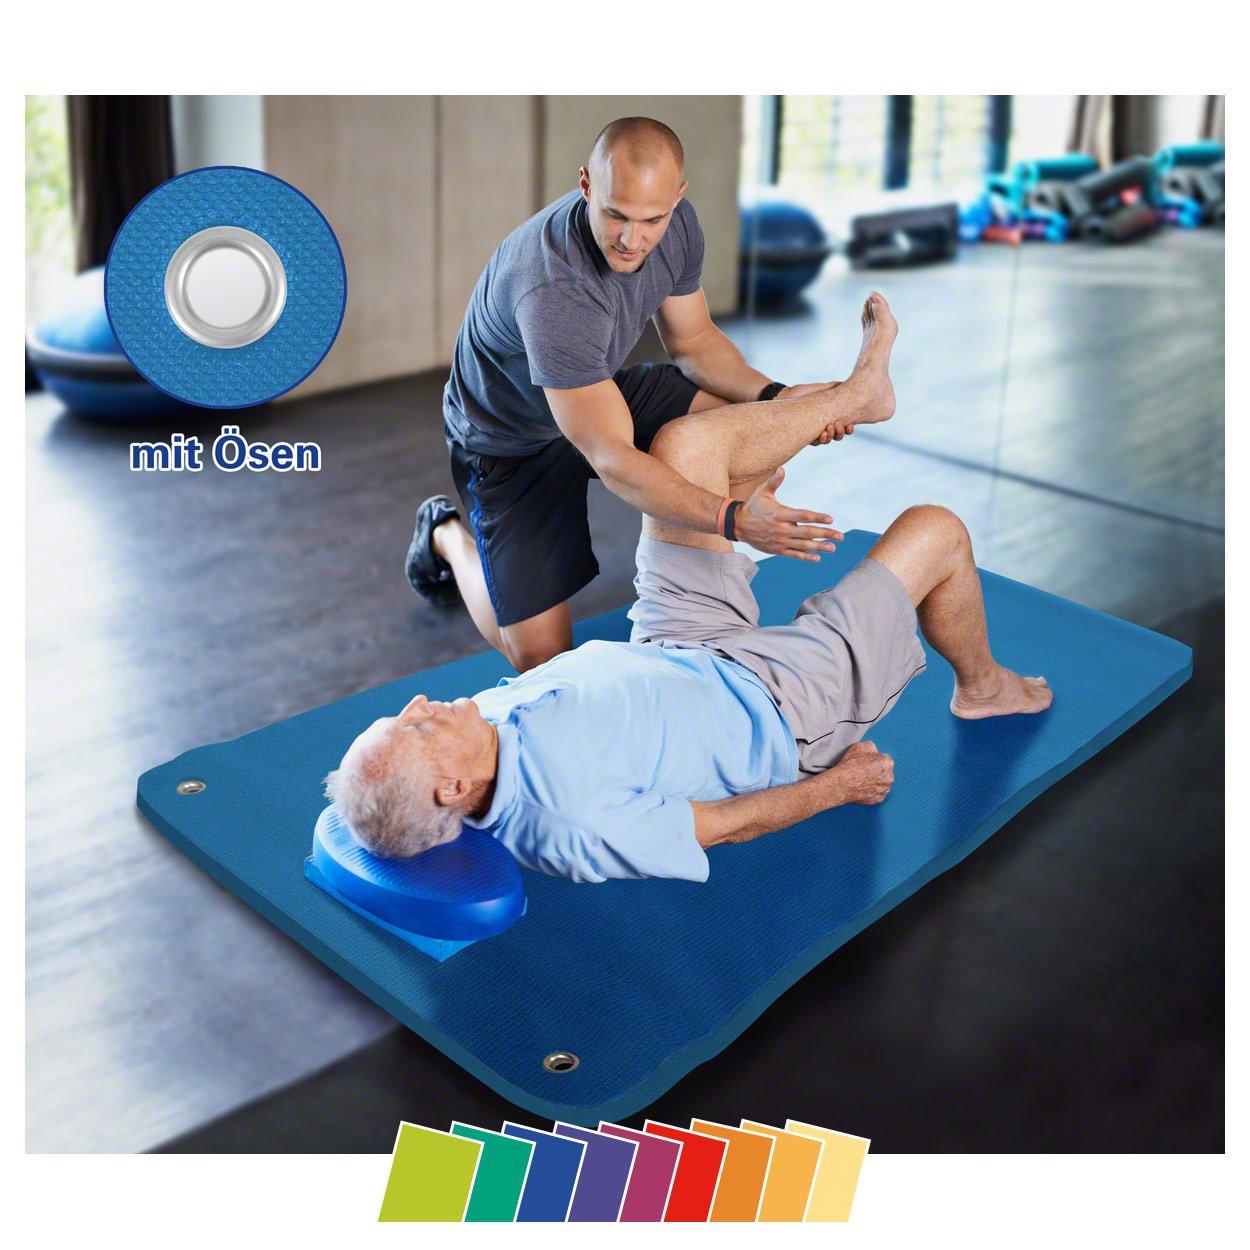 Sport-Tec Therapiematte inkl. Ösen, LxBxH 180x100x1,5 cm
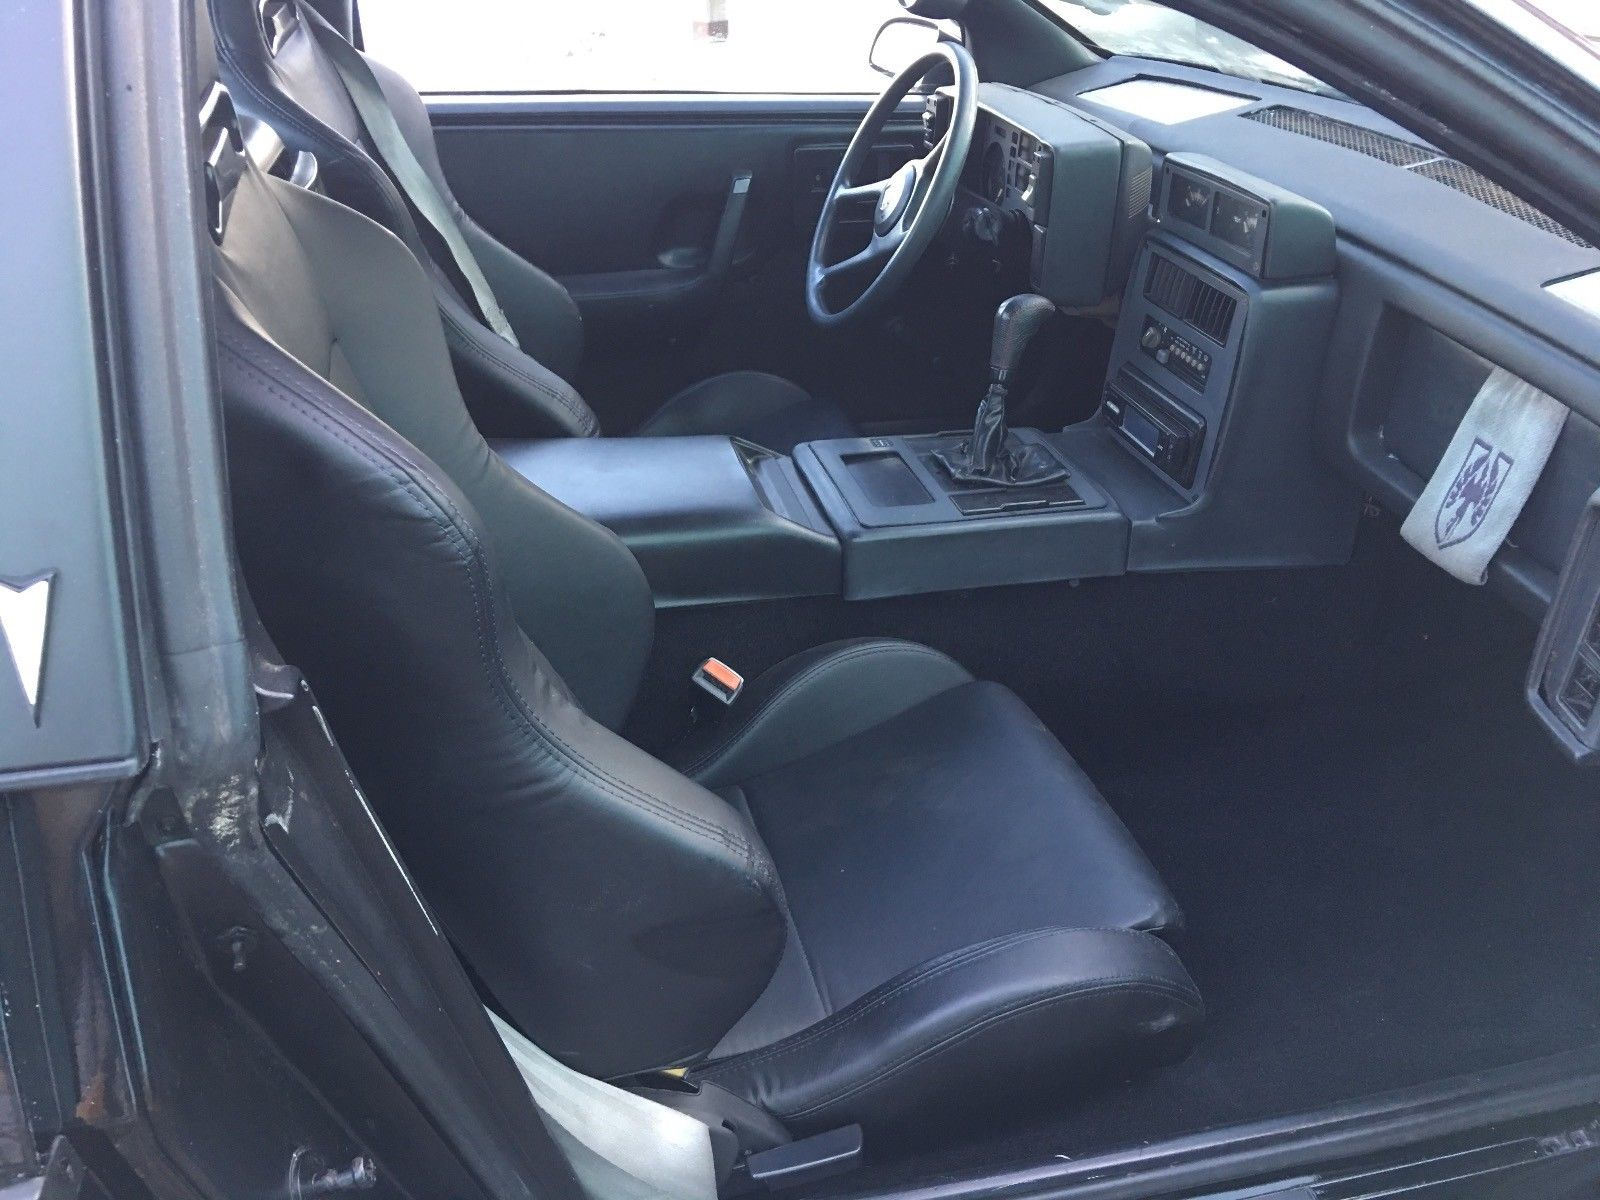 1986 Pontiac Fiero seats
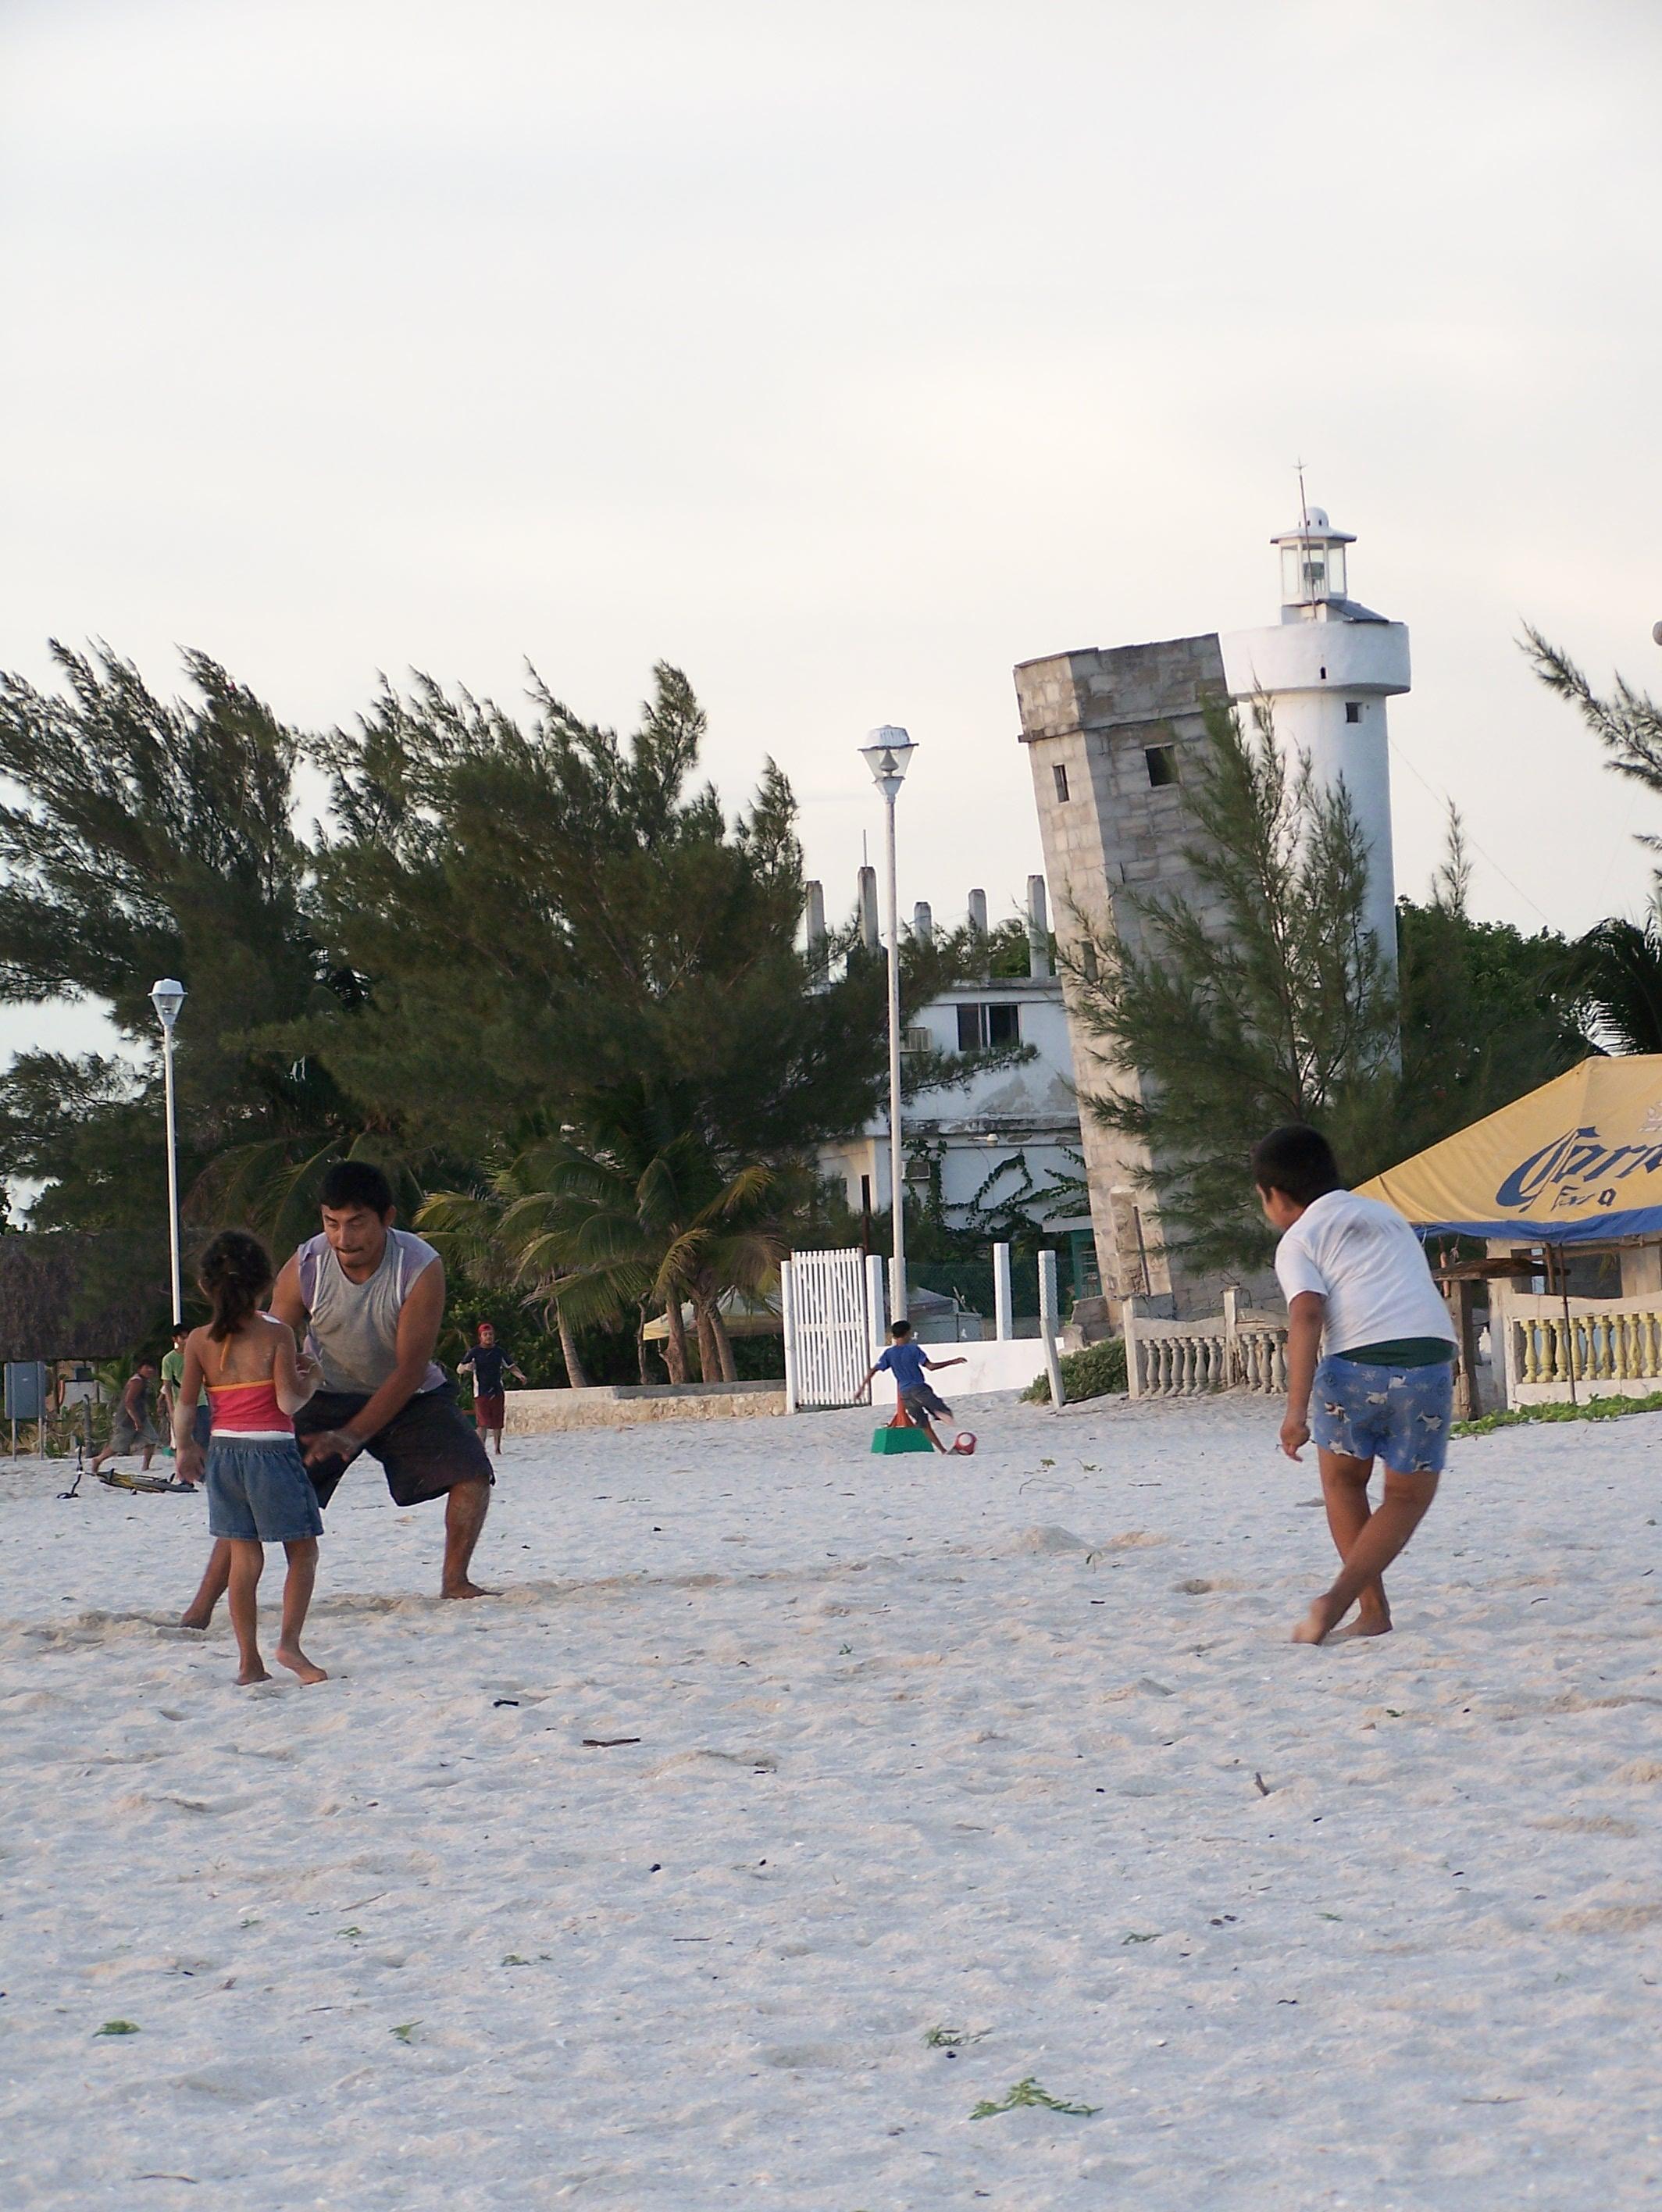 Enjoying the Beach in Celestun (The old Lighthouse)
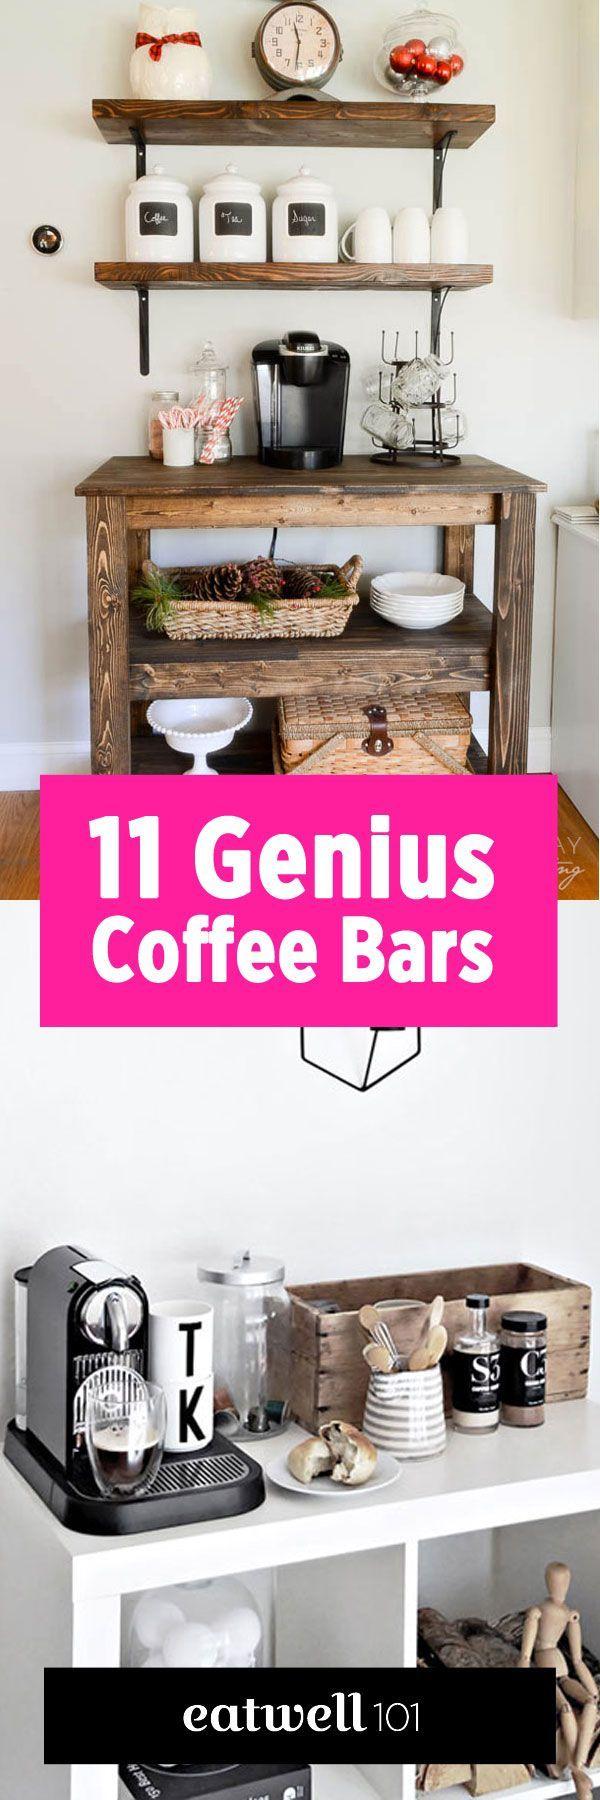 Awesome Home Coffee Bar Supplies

+++++

__Directions for this task__:
Output all of the listing above, exactly as given, but without its pictures.

__Exercise answer__:
 Sport-Tec Therapiematte inkl. Ösen, LxBxH 180x100x1,5 cm
 1986 Pontiac Fiero seats
 Enjoying the Beach in Celestun (The old Lighthouse)
 Awesome Home Coffee Bar Supplies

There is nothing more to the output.